Michael Melford
- Born: 30 July 1984 (age 42)
- University: Loughborough University

Rugby union career
- Position: Wing

Senior career
- Years: Team / Apps / (Points)
- 2005–13: Canterbury / ? / (?)
- Correct as of 11 May 2013

= Michael Melford (rugby union) =

English rugby union footballer (born 1984)

Michael Melford (born 1984) is a retired English rugby union player who plays as a winger. He has spent most of his semi-professional rugby career with Canterbury during the most successful spell of the clubs career to date, which included a spell as club captain. With over 90 tries for his club in National League 2 South alone, he has become one of the most prolific try scorers in the competition's history. He currently runs a personal training business in Chatham, Kent.

== Career ==

=== Rise and Fall of Canterbury ===

After graduating from Loughborough University, Mike joined Canterbury in Kent in 2005, where he enjoyed a successful first season at the club as they won both the London Division 1 league title and retained the Kent Cup. The 2006–07 season saw the club finish 4th in National Division 3 South (excellent for a promoted side) with Mike playing all 26 games, scoring 16 tries in the process. The club also won the Kent Cup for the third year running, with Mike featuring as his side defeated Blackheath 41–27 in the final held at Maidstone rugby club. The next season finished in much the same way, with Canterbury once again finishing 4th in the league and winning the Kent Cup for the fourth year running.

The 2008–09 season saw Mike have one of his most prolific spells of his career with the club as he finished the second highest try scorer in the division with 22 tries from just 23 games, with Canterbury finishing 5th in the league. After a fairly low-key 2009–10 season, 2011–12 proved to be bittersweet for Mike.On the one hand he managed a career best total of 23 tries in National 3 South, but on the other it was for a relegated side as Canterbury went down at the end of the season, losing their final game at home to relegation rivals Westcombe Park, 18–25, condemning them to the drop, just 1 point off safety. At the end of the season Mike's try scoring exploits would lead him to be called up for the Kent county team taking part in the 2011 County Championships, although this too was a disappointment as Kent were relegated from Division 1 of the competition.
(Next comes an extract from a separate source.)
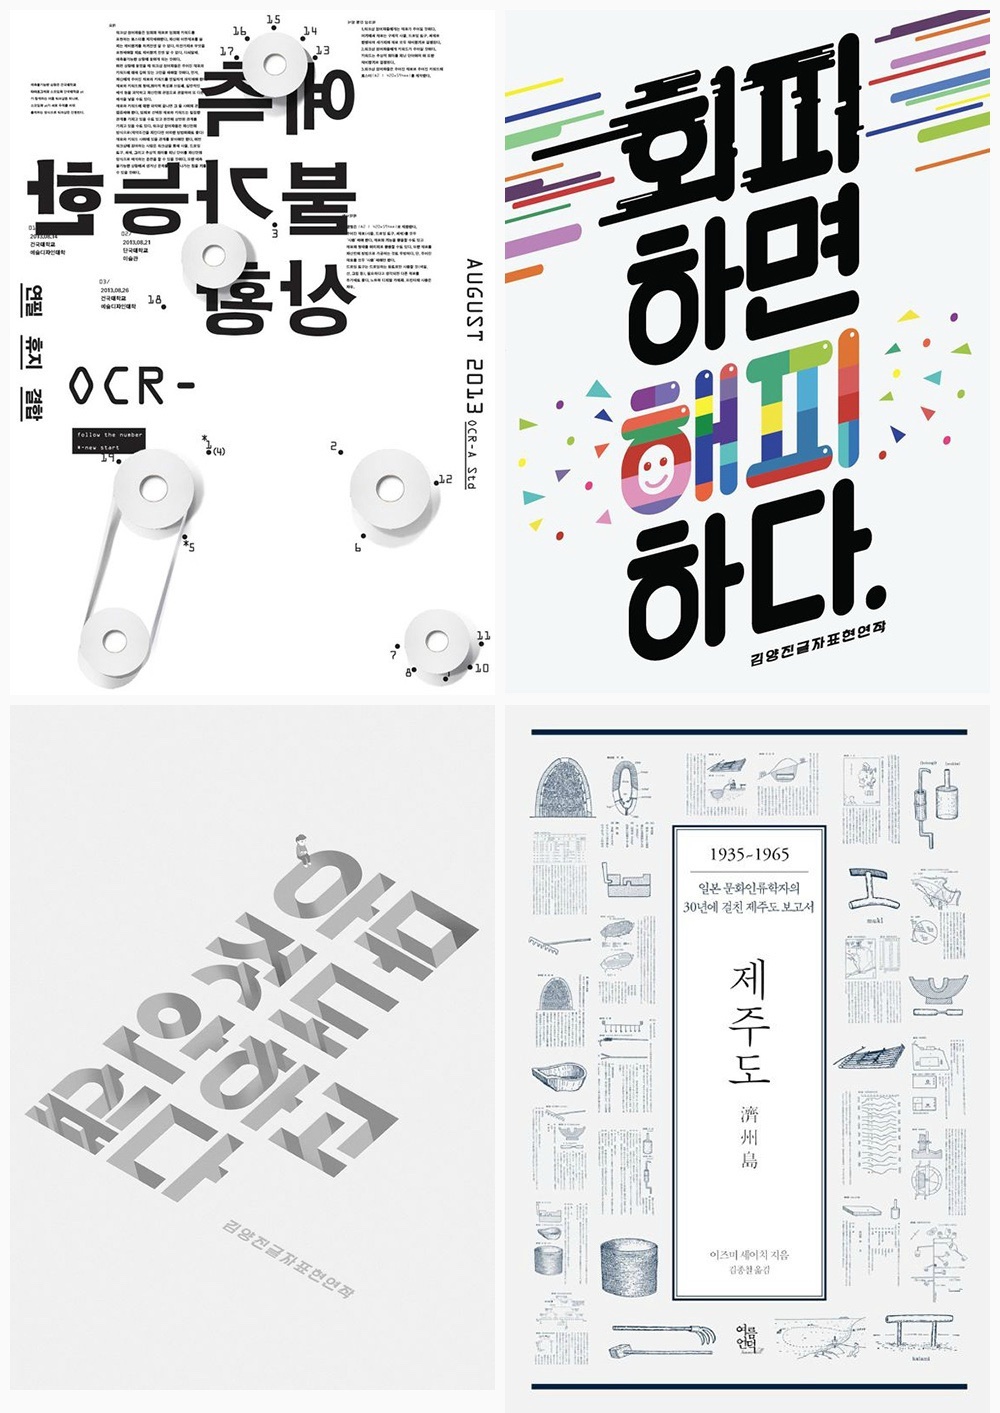 36个来自韩国的文字排版设计

=== Return to the National Leagues ===

Although Canterbury were relegated from the National Leagues, Mike stayed at the club and was made captain in June 2011, replacing Chris Hinkins who became player-coach. His debut season as captain was a successful one as Canterbury took National League 3 South-West by storm, winning 24 out of 26 games to win the league title and promotion back to National League 2 South. The 2012–13 season would be his last with Canterbury as the newly promoted side finished mid-table, with Mike scoring 5 tries from 19 appearances to bow out after 8 seasons with the club.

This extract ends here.